システムエラーを起こしていた脳が、更なる違和感に再起動した。何かが中に侵入してくる。生暖かい、生き物のようなもの。
それは口内を好き暴れ回り、オレの舌を絡めて遊ぶ。

(し、た…?…!!)

そこで初めて、オレはその正体に気が付いた。
舌だ。奴の、アイツの舌。
認識と共に全身全霊で抵抗を試みるが、髪を掴まれた手はびくともしない。それどころか奴は本格的に口内を犯しはじめた。
絡めとり、噛み付き、なぞって吸って弄ぶ。
重なった唇の隙間から、綯混ぜになった唾液と共に卑猥な水音が漏れた。

「ン、んぅ…っふ、ッ…」

息が続かない。
息苦しさから逃れようと酸素を求めても、アイツがそれを許さない。
支配されていく感覚が気持ち悪い。
それとは裏腹に、ぞくぞくと背中を這う神経が不愉快だ。

「ッは、ぁ……っ……ゲホッ」

解放されるのと同時に、空っぽだった肺に一気に空気が傾れ込んでくる。胸が痛くて、思わず胸を押さえ咳き込んだ。
奴はペロリと自身の唇を舐めると、満足げにオレを見下ろす。
そしてまた顔を近付けると、空いている方の指でオレの下唇のラインをなぞった。そのまま耳元に口を寄せ、クスリと笑う。
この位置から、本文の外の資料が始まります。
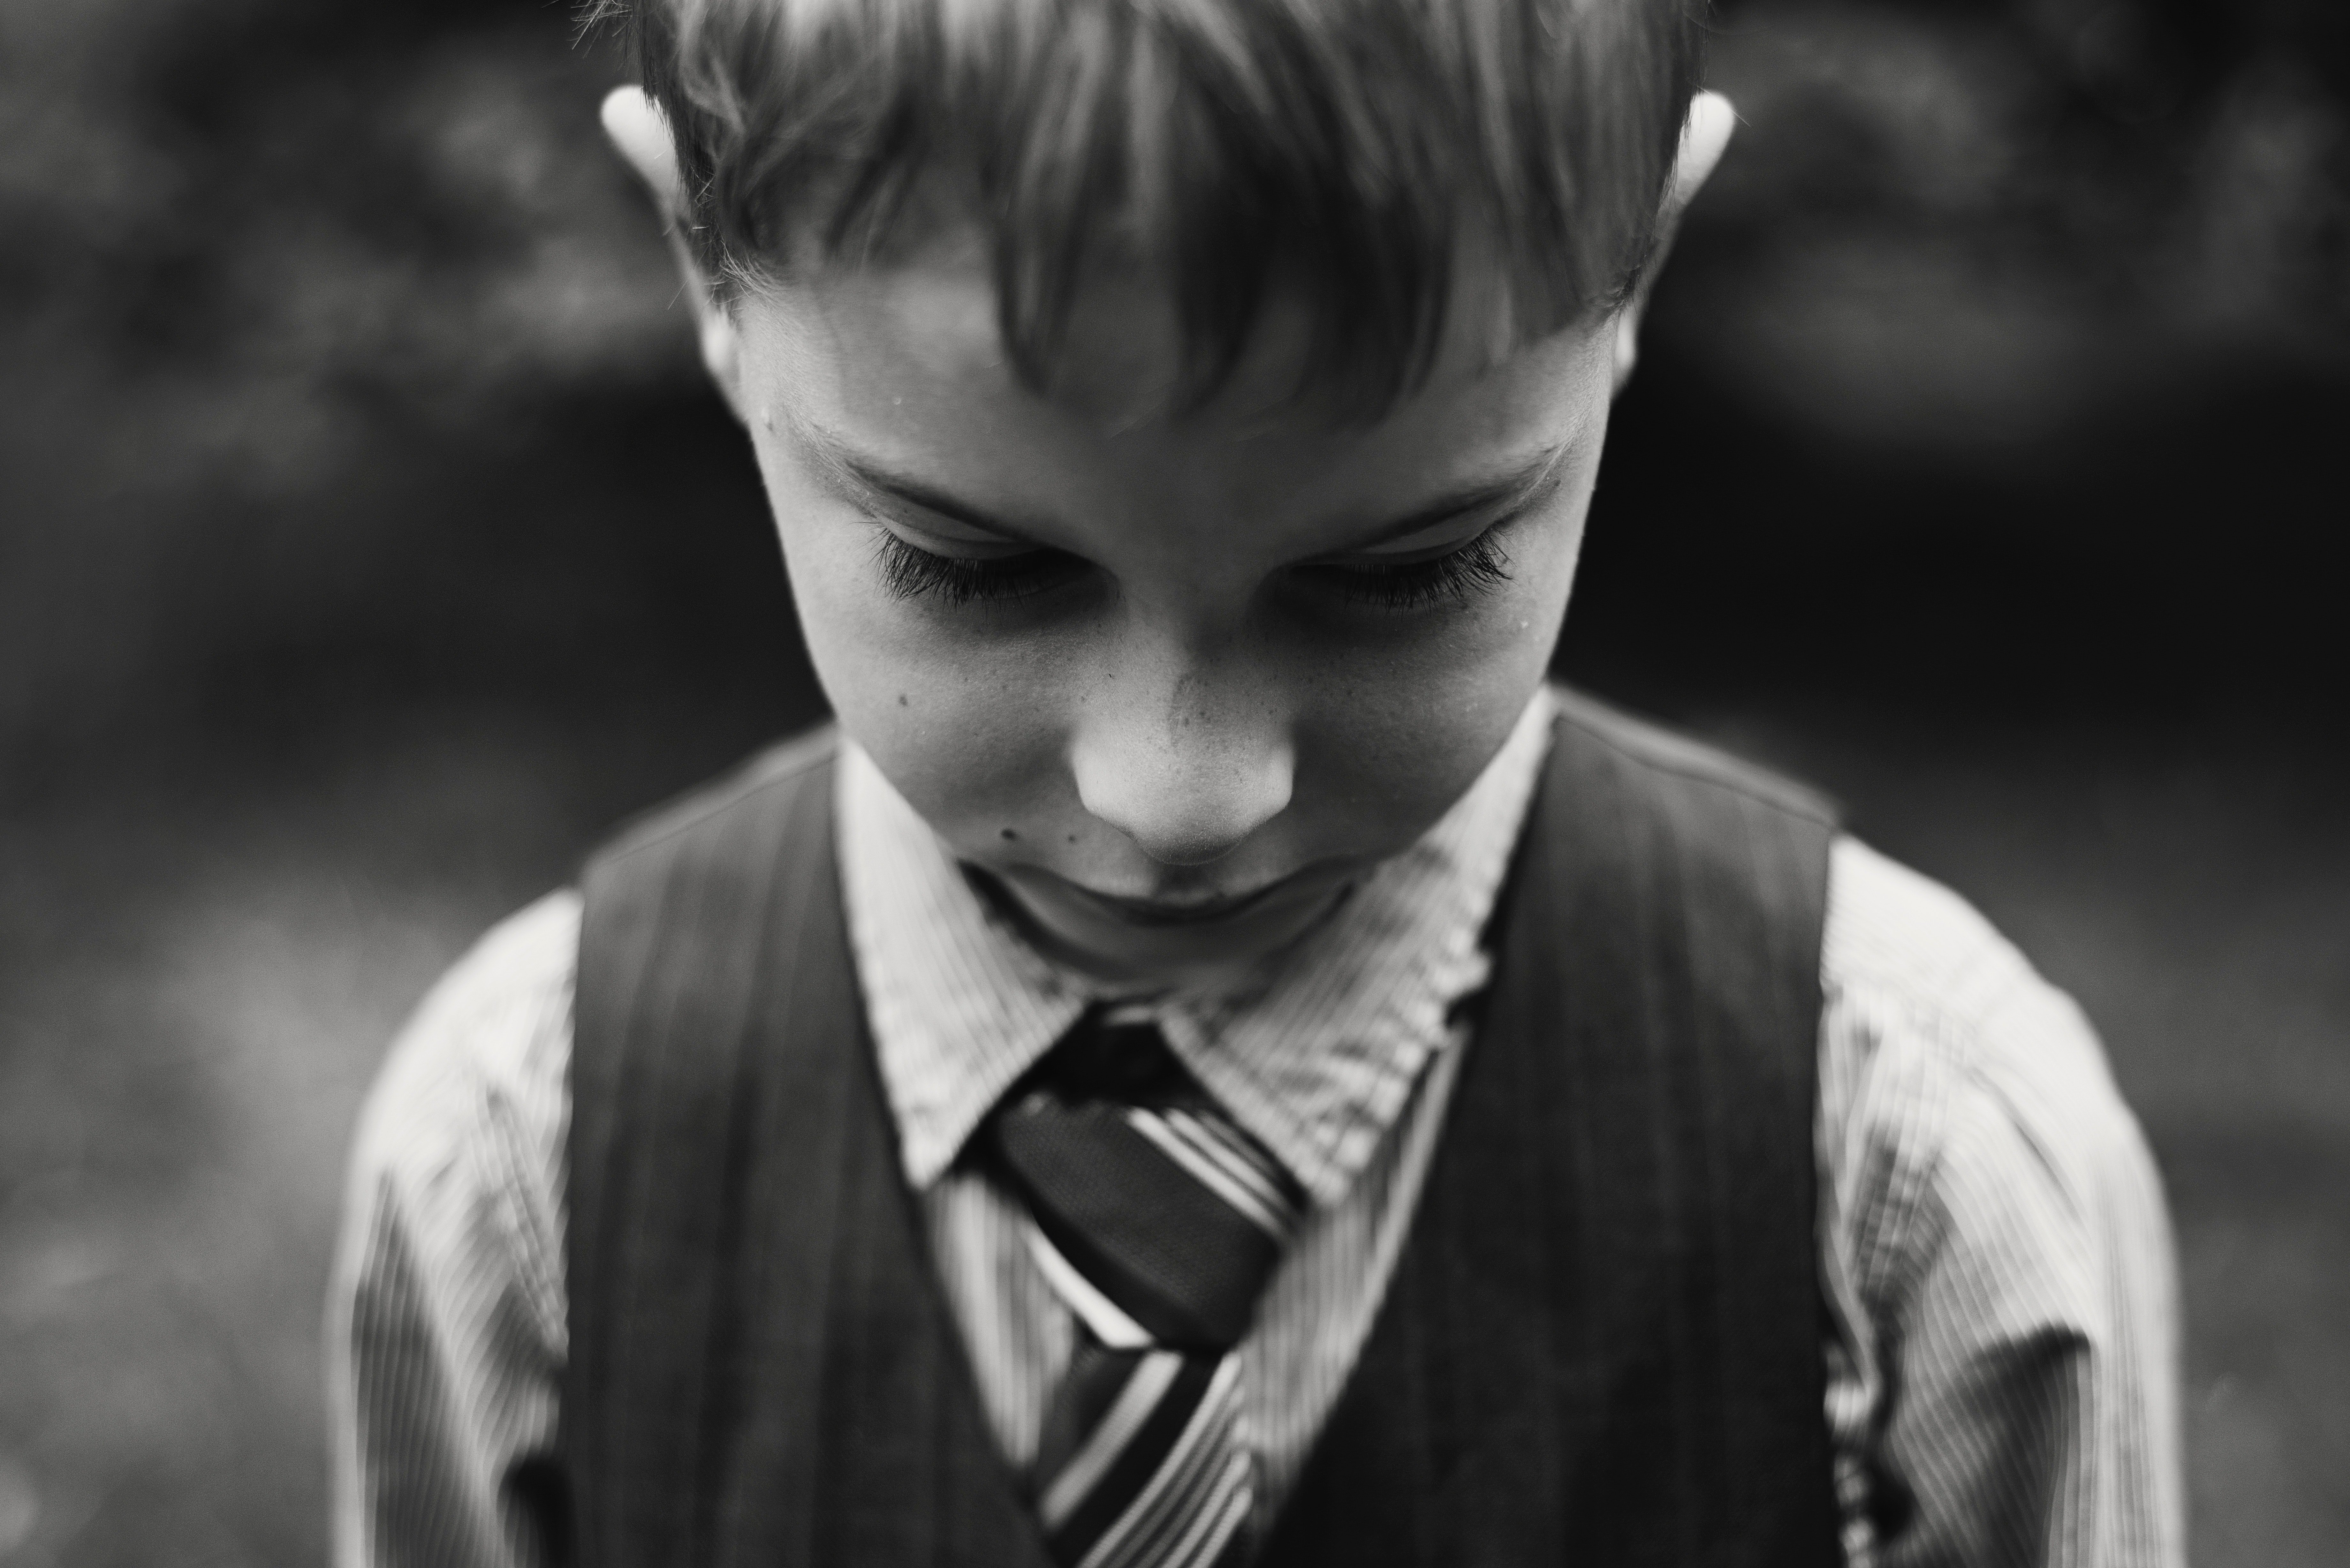 Jovencito con traje y corbata. | Foto: Pexels
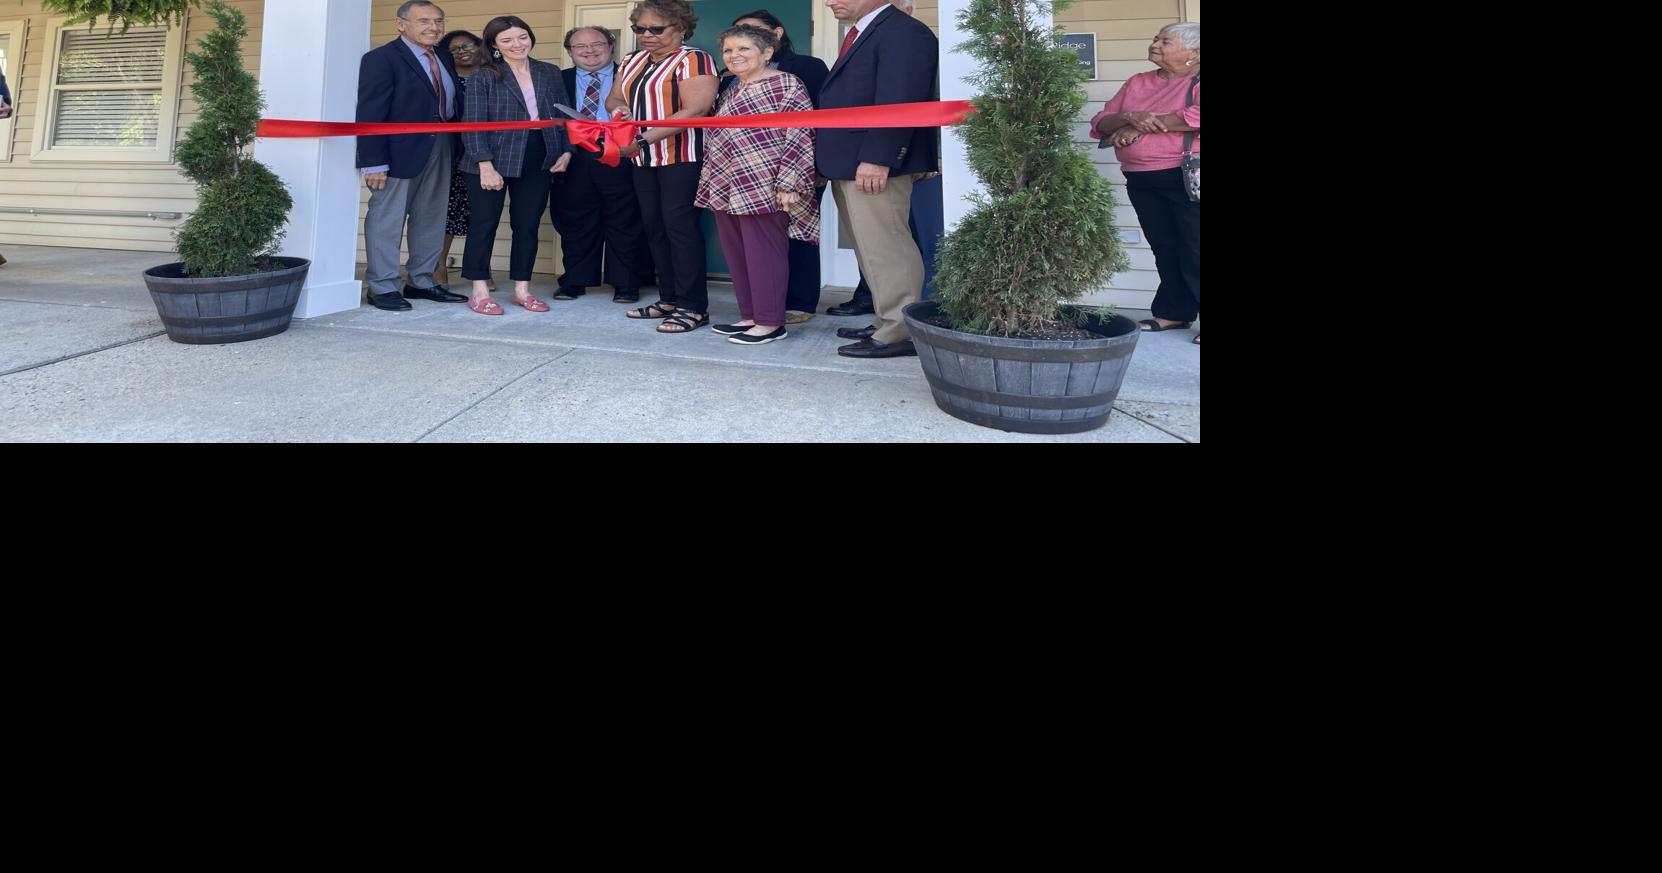 BRMC opens new community health center in Appomattox

「まさかまだアレはもう一人の自分だと、甘い夢を見ているのか…?」
「……ッ!?」

妙に甘ったるい声で囁かれ、ぞくりと肩が震える。
それ以上に言われた言葉の意味を理解できなくて、思考回路がショートした。

引き裂かれる運命?オレに酷似したもう一人?オレたちはひとつじゃない?…夢?

なにが、夢なんだ?
どれが、夢?
どこからが夢で、どこマで、ガ…

「ふふ、」

奴が笑う。

「本当にいけないコだな、もう一人の俺…?」

重い躯が後ろに倒される。
四つ這いになって覆いかぶさる、狂気の紅。オレと、同じ色。
もう躯も頭も、動かない。


(あい、ぼ…)




相棒、オレたちは―――









-Fin-



執筆(08/09/15)
修正(10/04/10)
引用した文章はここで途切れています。